Saturday, February 3, 2018

Reading Listening to books - part 1

(Book reviews are English only)
TL;DR - I'm listening to audiobooks, some reviews below, and I would love to get some recommendations from you.

About two years ago, while attending the first European testing conference in Bucharest, I heard Linda Rising's keynote in which she spoke about her interpretation of Carol Dweck's book "Mindset, the new psychology of success". I really liked the ideas presented in the talk, and so, about a year later, when I re-watched the talk I decided to purchase the book. Lo and behold - there was a free audio-book version, as long as I registered for an Audible account - which I did, and as listening to books isn't really "my thing", I cancelled the registration shortly after.
It took me several months to go through this book, as I just didn't find the time to listen - Most of my listening time is while driving, which happened twice or thrice a week, and it was dedicated to catching up on podcasts, so I just didn't get around to it.
But, then we had about a year ago a team reshuffle, with half of the team at our other office, which is an hour and a half by train, and I was getting there at least once a month since. so, extra 3 hours of dead time? Hey... I still have that Audible app installed with that book I downloaded a year ago!
The second change was when I bought a small mp3 player that can be attached to a sleeve using a clip, and started listening to the podcasts while on my bicycle on my way to work - so now when driving, I have some free listening time. So, after getting another free book from Audible (after a year or so, they considered me a new user and allowed me to have another book if I just signed in to their service), I decided I'm listening to enough books to actually pay for an account.
The experience of listening to a book is very different than reading one - there's no skipping, no control over the speed of progress, and no getting back and re-reading something tricky I think I missed (driving, remember?). However, as a way to make use of the brain time otherwise wasted in commute, it is great that I can concentrate on driving and just hear the book being read to me.
With that being said, Here's a compressed review of the books I've listened to recently:
(Edit: forget about "compressed", it ended up being too long, so it will be one post per book)

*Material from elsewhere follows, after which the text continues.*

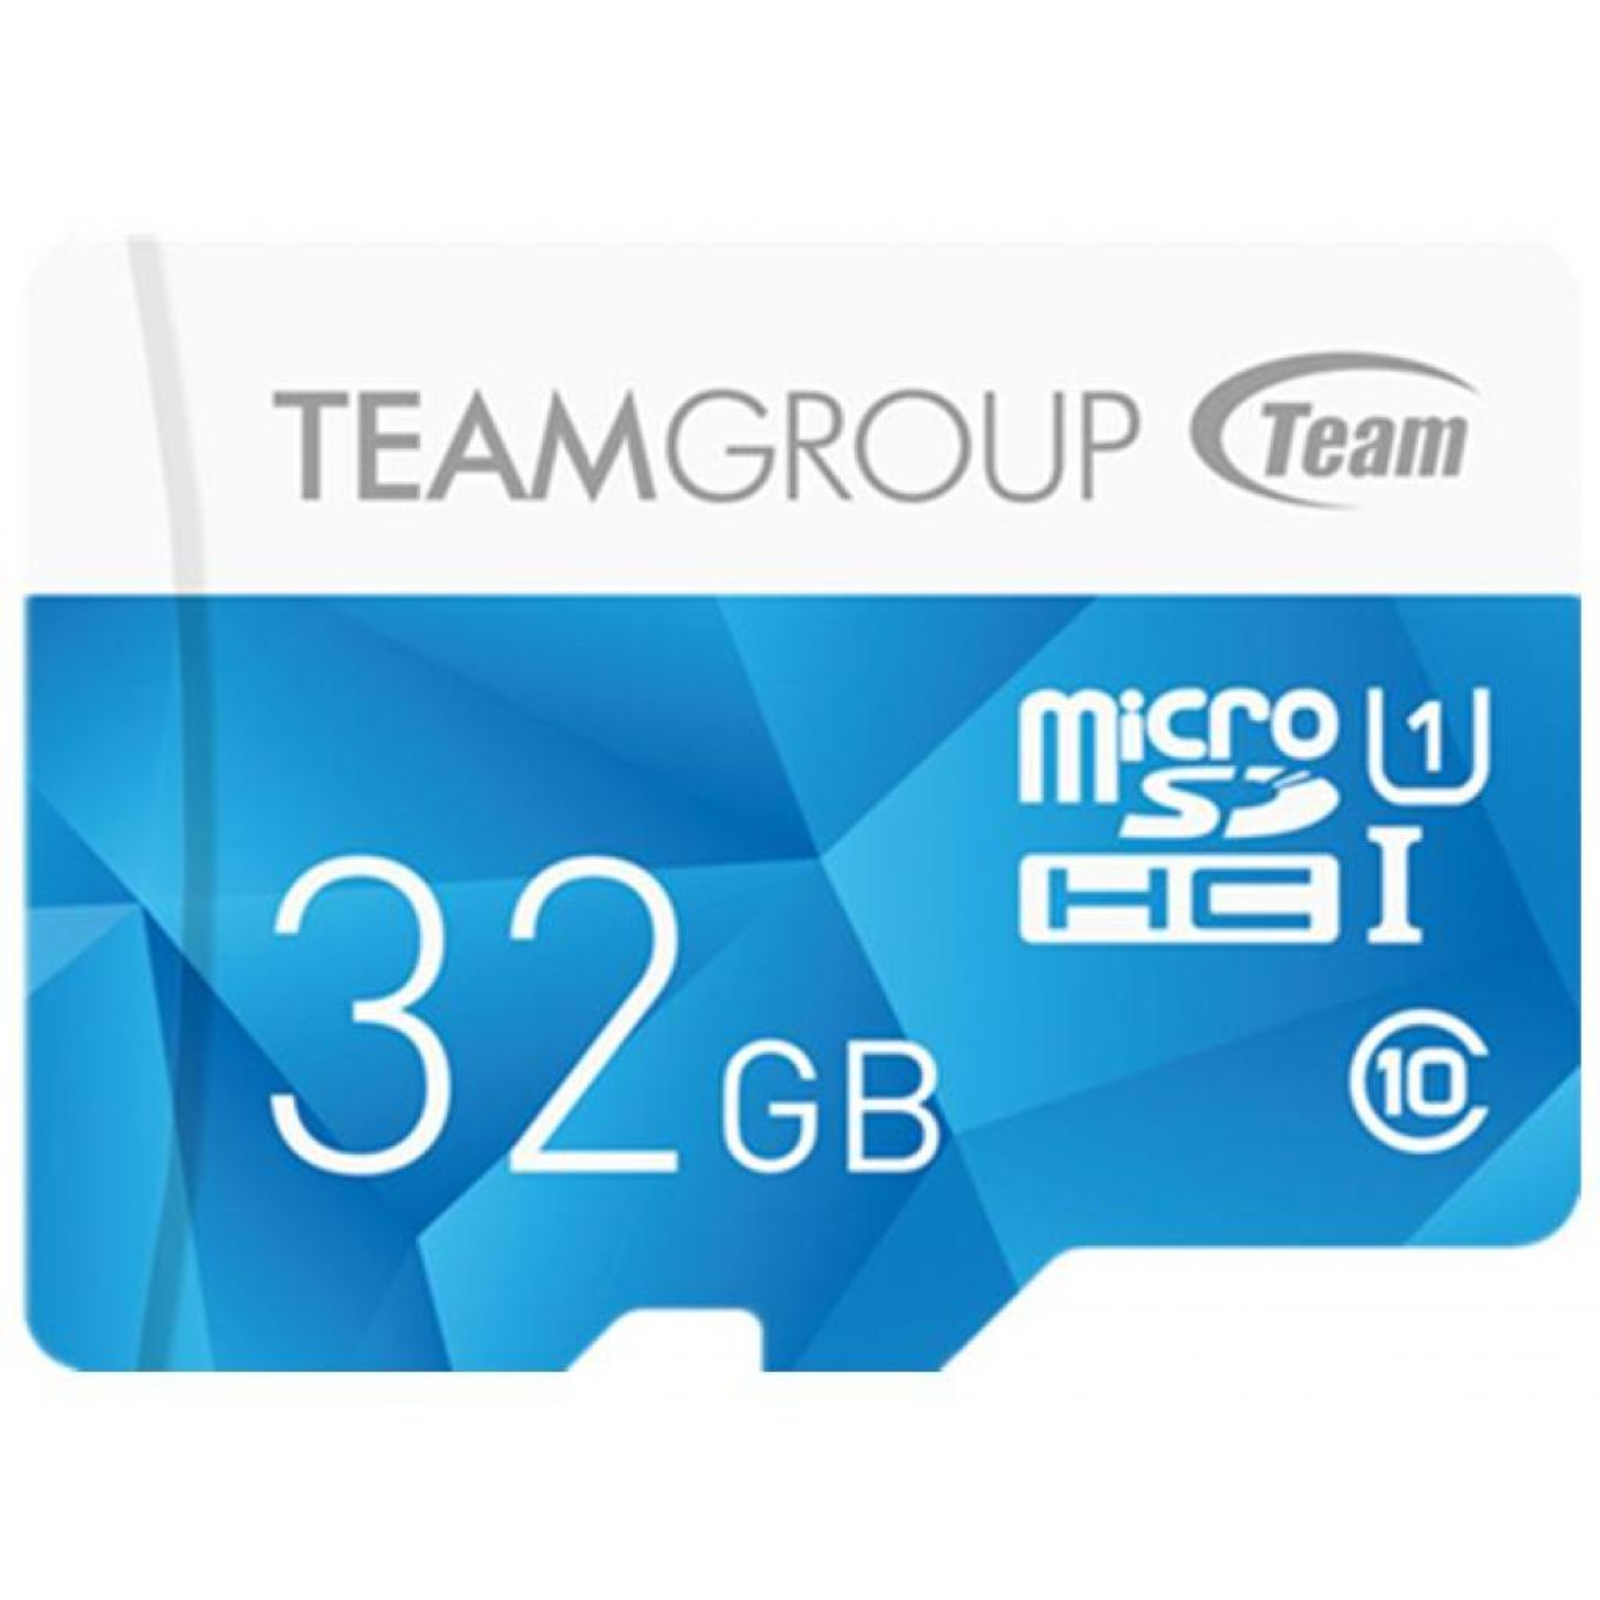 Карта памяти Team 32GB microSD class 10 UHS-I (TCUSDH32GUHS40) изображение 2

Mindset, the new psychology of success, Carol Dweck:
Short summary: "fixed" mindset is bad for you, adopt a "growth" mindset.
What I have to say about it: I started listening to this book with expectations a bit too high. Linda Rising's talk gave me quite a lot to think about and process with regards to how people grow and learn, the importance of refusing to say "I simply suck at this"  and the focus on improvement rather than on achievement. The book, so I hoped, would further expand these ideas to provide some more interesting insights, or elaborate more on the ones I've got. Sadly, it didn't. What I got was a lengthy presentation of the concepts I mentioned, repeated over and over to show how it can affect multiple facets of life. It felt a bit like a sales pitch that goes on and on - I got the idea after the second chapter, really. Only in the last chapter the book gets to deal with a promise that has been mentioned over and over - how to approach changing your mindset. Up until that chapter, mindset seemed like something inflicted upon one by the environment - Parents praising their child on "being smart" instead of praising "putting effort", workplace with personal reviews based on results only and so forth. This chapter is titled "changing mindsets" and does contain some interesting tips. It mentions that simply being aware to this concept is causing some shift in the mindset, and mentions a workshop for schoolkids where the focus is on teaching them how practicing actually creates and enforces new neural links in the brain, thus explaining how one can actually transcend above his current self-image in any given field. It also gives one tip I found quite useful: deciding to do something is nice, but it isn't enough. In order to increase the chance of actually executing a decision, one must create a detailed and vivid plan of execution. Not "I'll write the blog post I've been postponing for over a month", but rather "This evening, after dinner, I'll sit on my couch, close all other windows on my computer, and write a paragraph or two". So, my advice - listen to Linda Rising, she makes the point clear in less time, and there isn't a big gap that I could notice.